During White's trial , prosecutors and police investigators maintained that his father, J.B.White, was still considered a suspect in the murder of Billy Lee Humphreys, who was 31 at the time he was killed Feb. 27, 1998, at the Fuel Pro gas station on Tyson Avenue.
"From the DA'S perspective, this case is still open," said Assistant District Attorney Steve Garrett, who was the prosecutor in Steve White's trial. "We'll investigate and pursue any viable leads that emerge on the horizon."
The Tennessee Bureau of Investigation has not closed the book on the case, either. Brian Byrd, a special agent with the TBI who worked on the original case, said recently "the investigation is still ongoing."
Meanwhile, Humphreys's mother, Bobbie Humphreys, said this morning she and her family believe as many as four other people, in addition to Steve White, were involed in the crime.

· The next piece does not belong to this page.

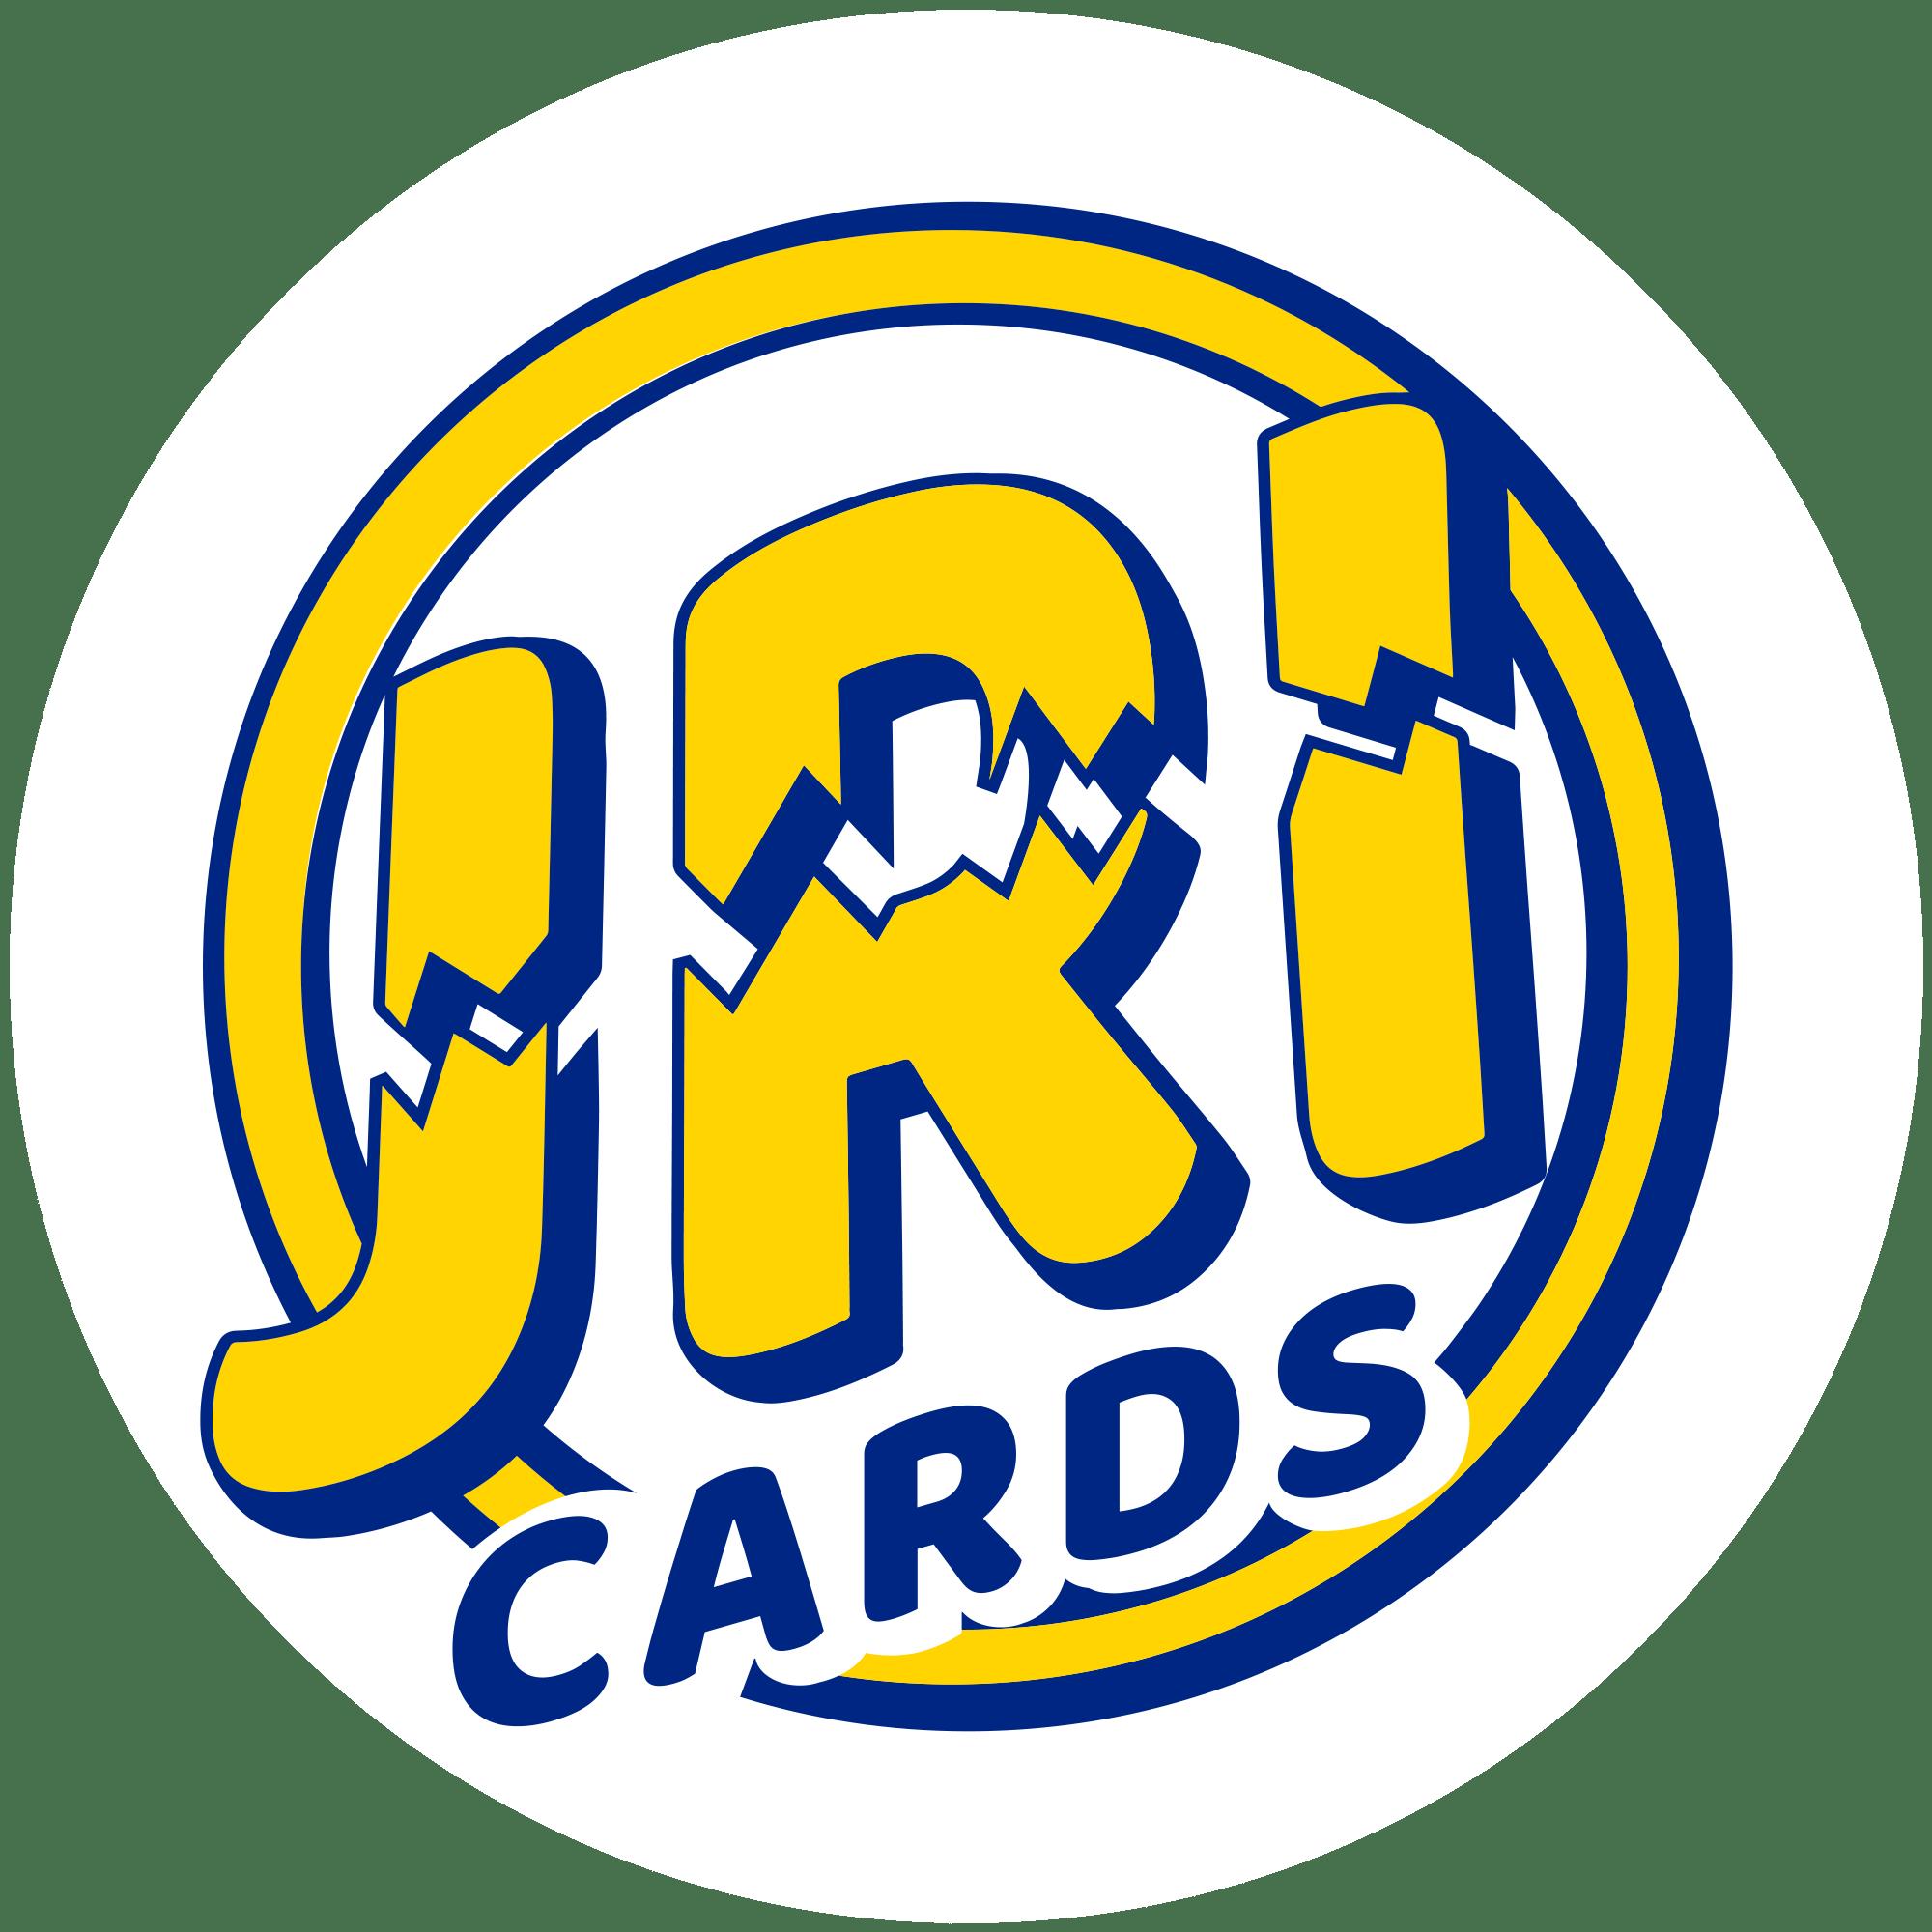 2020 PANINI CHRONICLES FOOTBALL BOX (6 PACKS AVAILABLE)
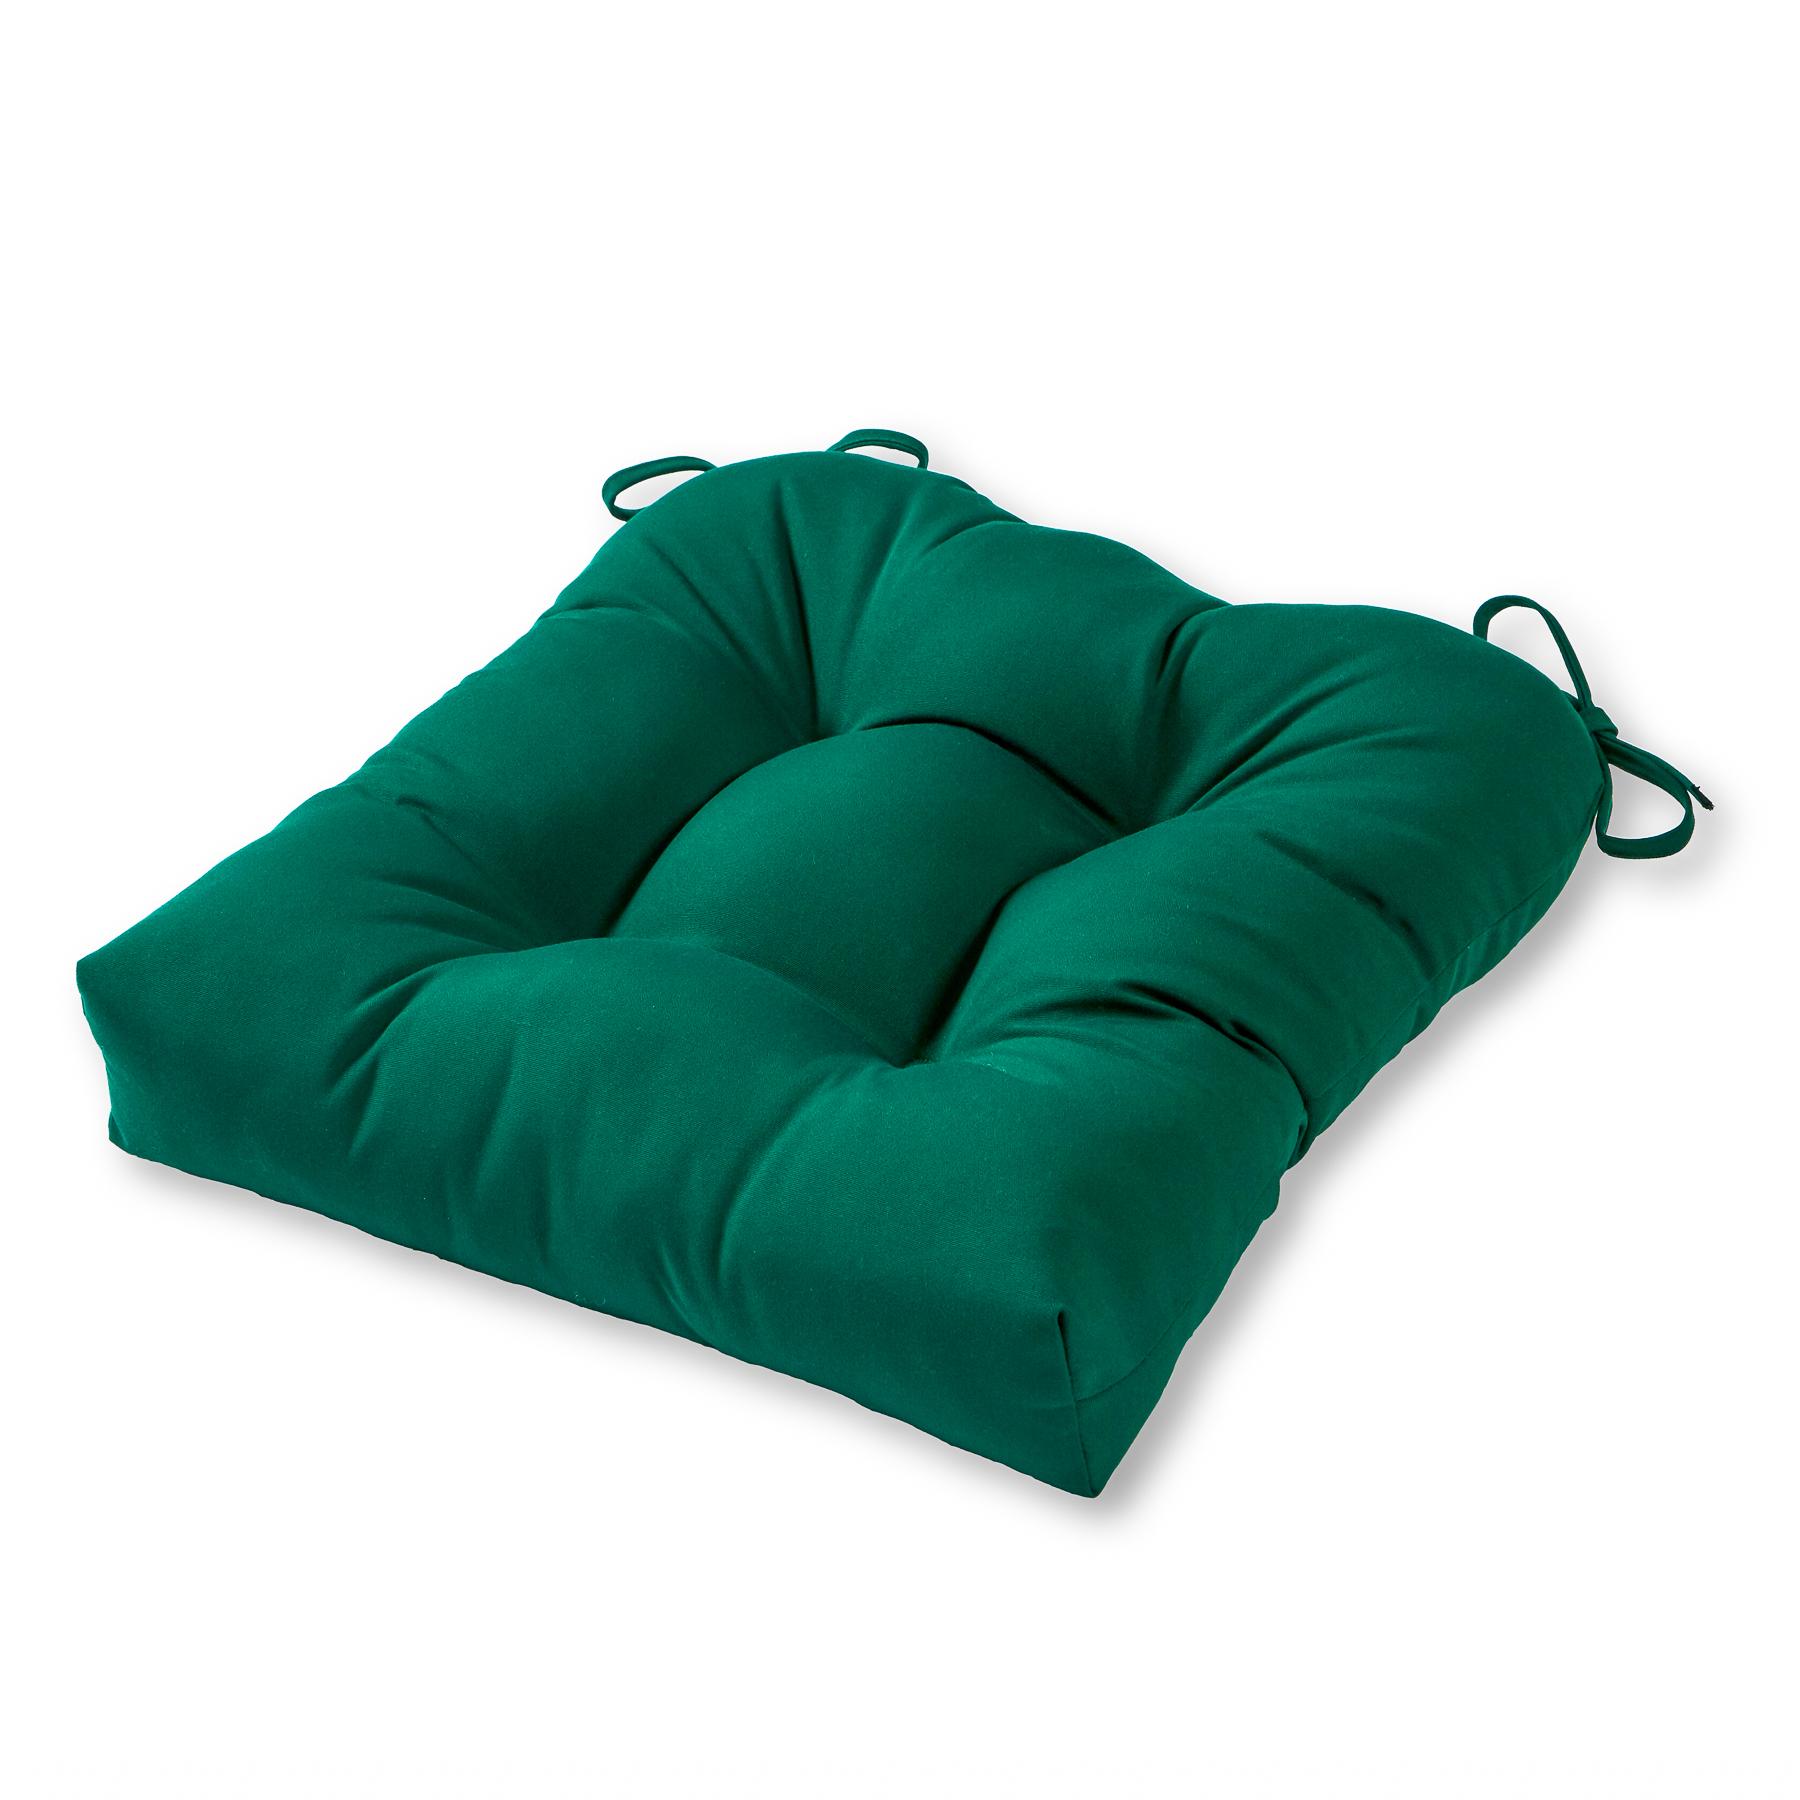 sunbrella chair cushion outdoor swing bunnings greendale home fashions 20

The Humpheys family is offering a$1,000 reward for information leading to the arrest and conviction of each other person who may have been involved in the murder. All information about the case should be provided to law enforcement officials first. The Humphreys family can be reached at 1-731-641-0045.
Steve White is appealing his conviction. Barring a reversal of the December verdict, he'll have to serve at least 51 years in prison before being considered for parole.
He was 17 at the time of the murder. The motive established during the two-day triall in December centered on White's intense dislike for Humphreys, who was married to White's cousin.